That’s a shame, too, because the characters that flipflop the worst are also the best. Henwick is terrific at both kicking an incredible amount of ass and fully embodying the precise emotions necessary for whatever inexplicable turn is written for her. It’s a flexibility shared with Stroup as Joy, a fascinating character turned plot midwife that is only marginally saved by Stroup’s ability to be entirely and exceptionally that thing.

Iron Fist — Season 1

Perhaps some of this could have been excused if the show went hard in the other direction and was singularly focused on being the MCU’s kung fu action series. Too bad these are some of the most harried, indigestible, uninformed, and boring fight sequences I’ve ever seen. You don’t even have to go far to see how story can inform action; just go look at Daredevil and how each character fits well within their own role within each fight.

But with Iron Fist, the action feels superficial—perfunctory, really. Aside from one fight in the latter parts of the show with a drunken master Zhou Cheng (Lewis Tan), everyone fights in the same style with the same effectivity. Danny should be the peak of martial arts as the Iron Fist but he seems to fall to various henchmen for no reason other than to gin up artificial drama in the moment. Worse than that, it perpetually confuses the idea that fast cuts results in excitement (with this scene being the worst offender of them all).
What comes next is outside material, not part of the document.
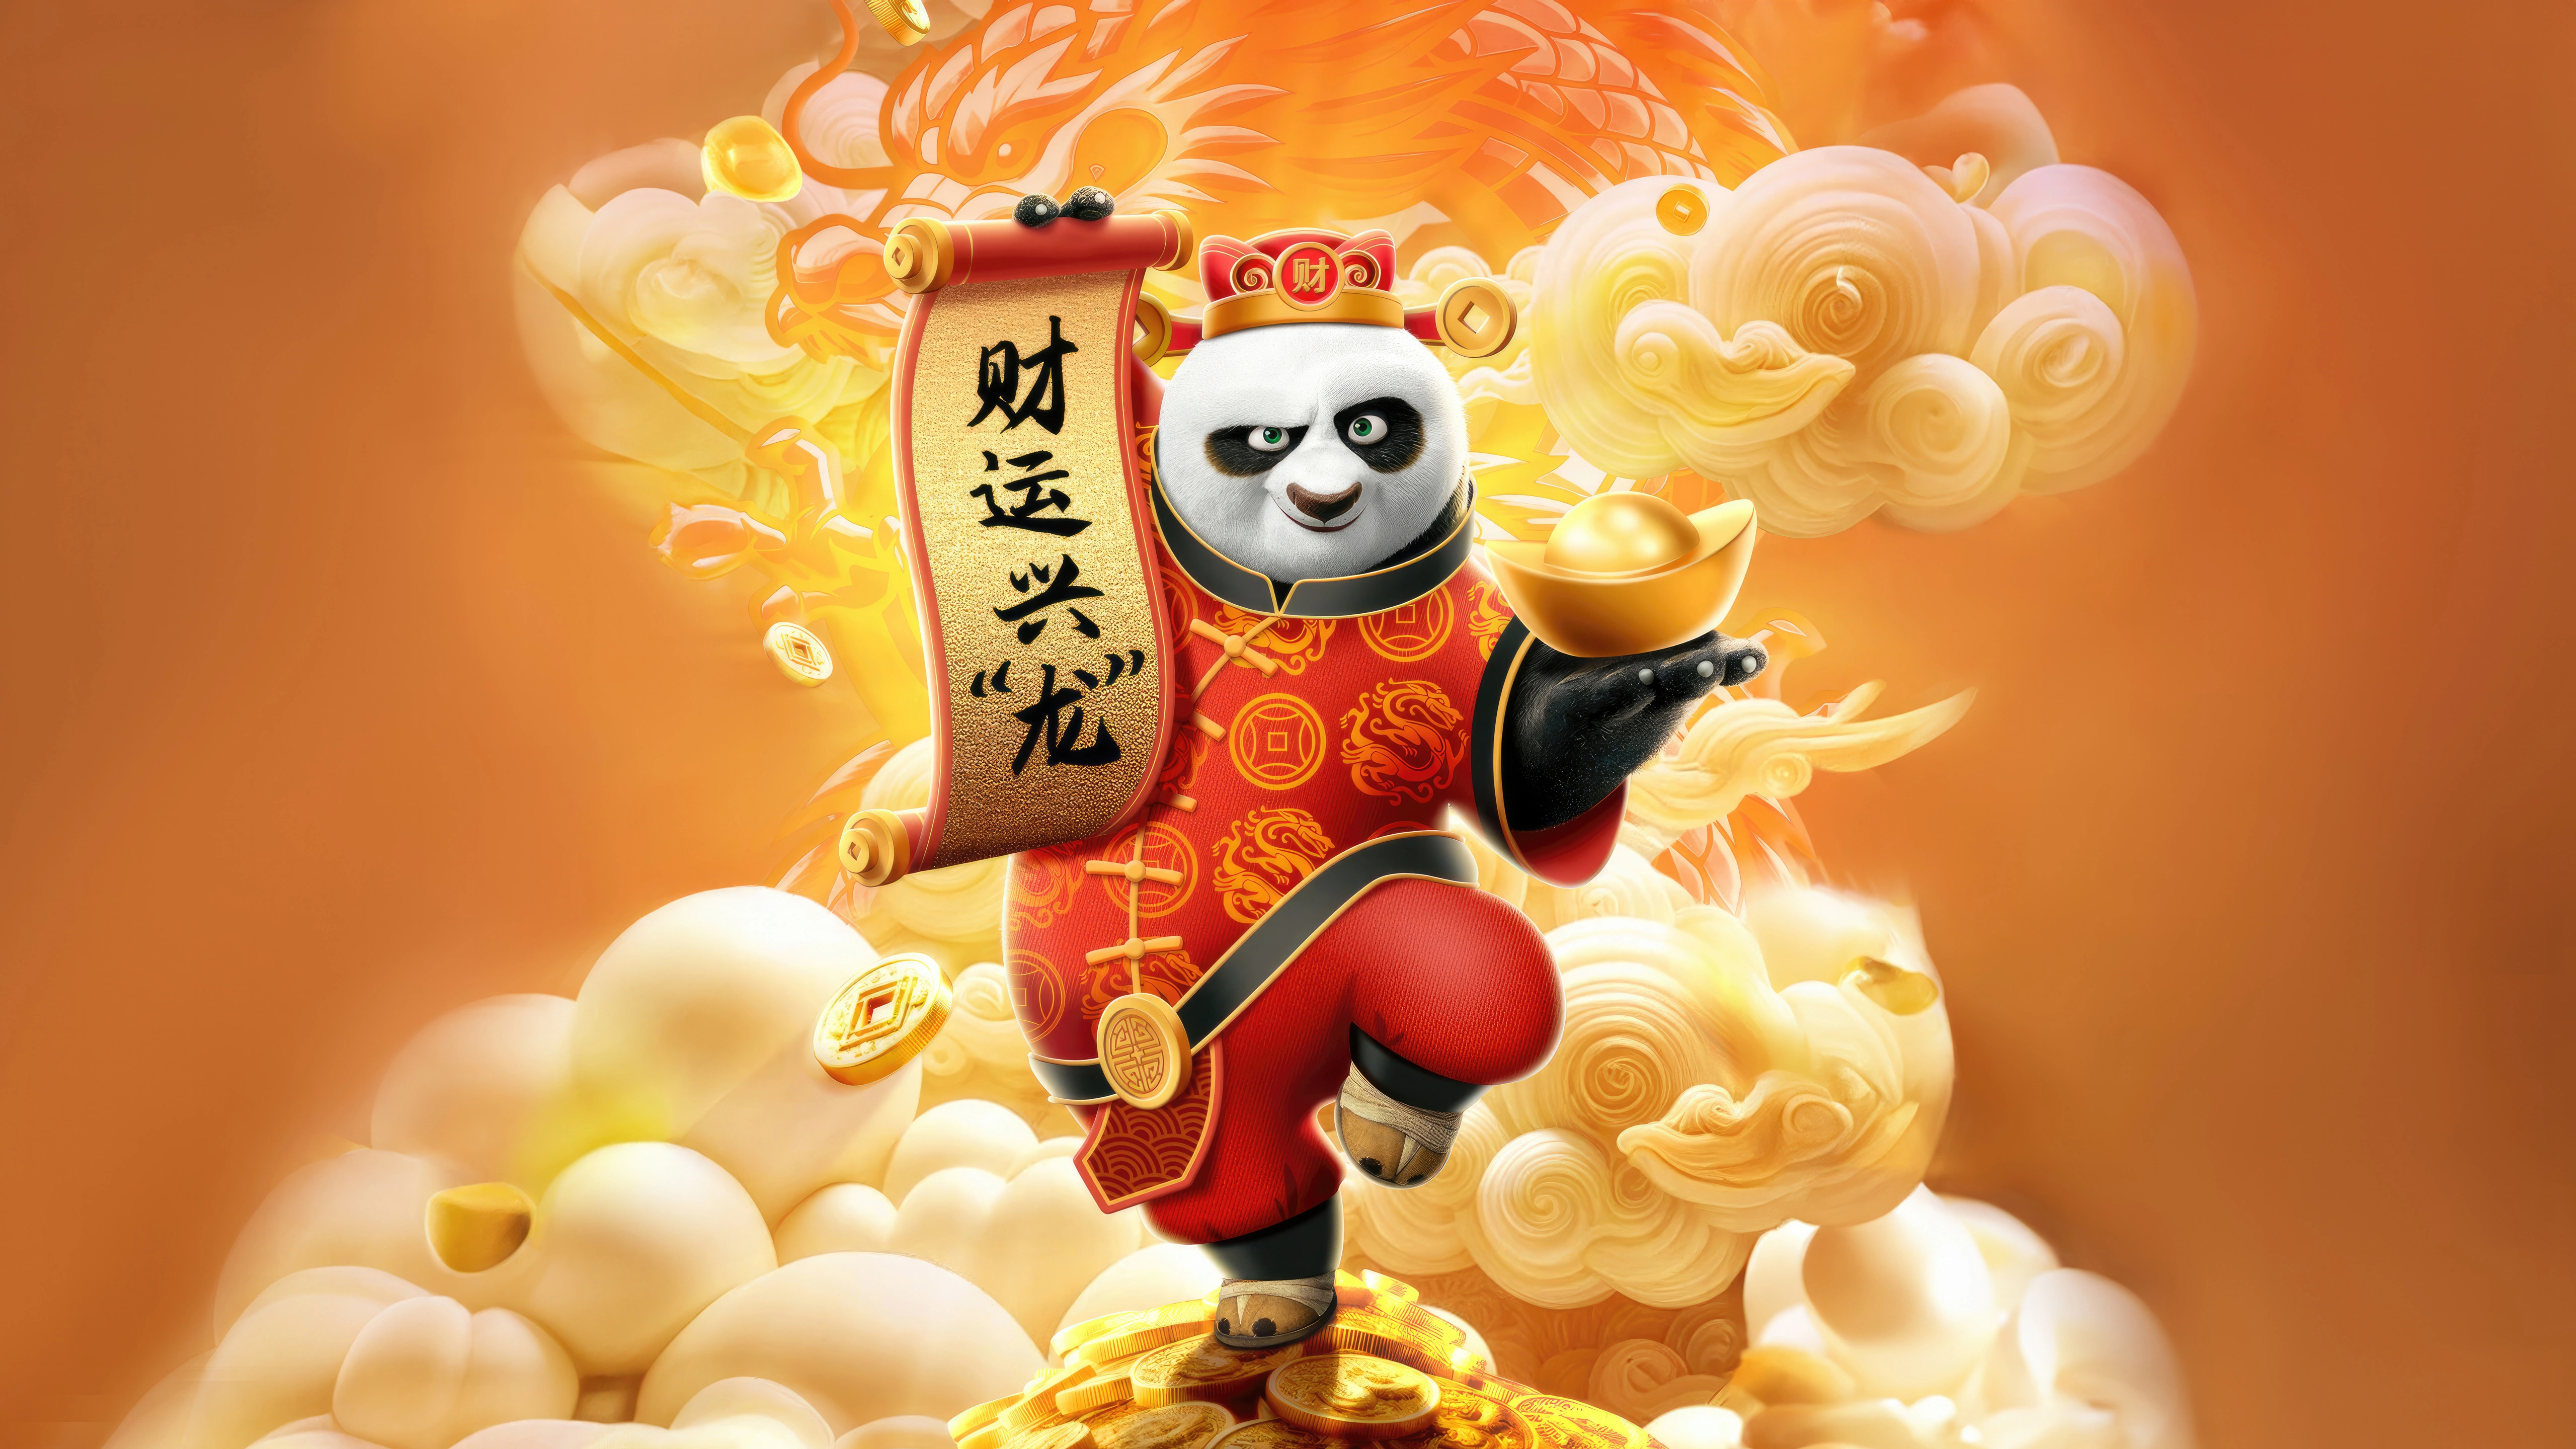 kung fu panda 4 chinese poster je.jpg

Even in the aforementioned fight with Zhou, it may be the best-looking of the show, but it’s just as poorly constructed. Impacts fail to feel real and cause and effect appear to be in a long distance relationship. There are no moments to breathe in and comprehend the geography, making the entire interaction play out as poorly and confusing as anything in Colombiana despite taking place in a mostly empty and perfectly square courtyard with just two combatants.

Iron Fist — Season 1

While not the sole reason these fight scenes would be so underwhelming, it appears that a contributing factor was that production was rushed to the point Jones was learning choreography minutes before filming it. And honestly, I’d like to attribute that to every problem the show has. It has a lot to deal with. Setting up the entire premise for The Defenders, updating the racial insensitivities of the source material, finding itself in the midst of a tired and uninteresting protagonist.

That, of course, doesn’t excuse any of the show’s plethora of problems. For every one good thing, there seems to be a deluge of bad things behind it. For every solid performance by Henwick or Stroup, there’s another look at Pelphrey’s contradictory underwhelming overacting delivered at a glacial pace. For every time Claire Temple (Rosario Dawson) or Jeri Hogarth (Carrie-Anne Moss) do, like, anything (seriously, they are the highlights of the season), you have Danny being a painfully unaware and terrible person.

Jones is half right in his defense of this show; it’s not for critics. In fact, it’s not for anyone. Iron Fist fails to do a lot of things. It’s sloppy, it’s often incomprehensible, and it’s wasteful of what it does manage to get right. But worst of all, it commits the cardinal sin of just being boring.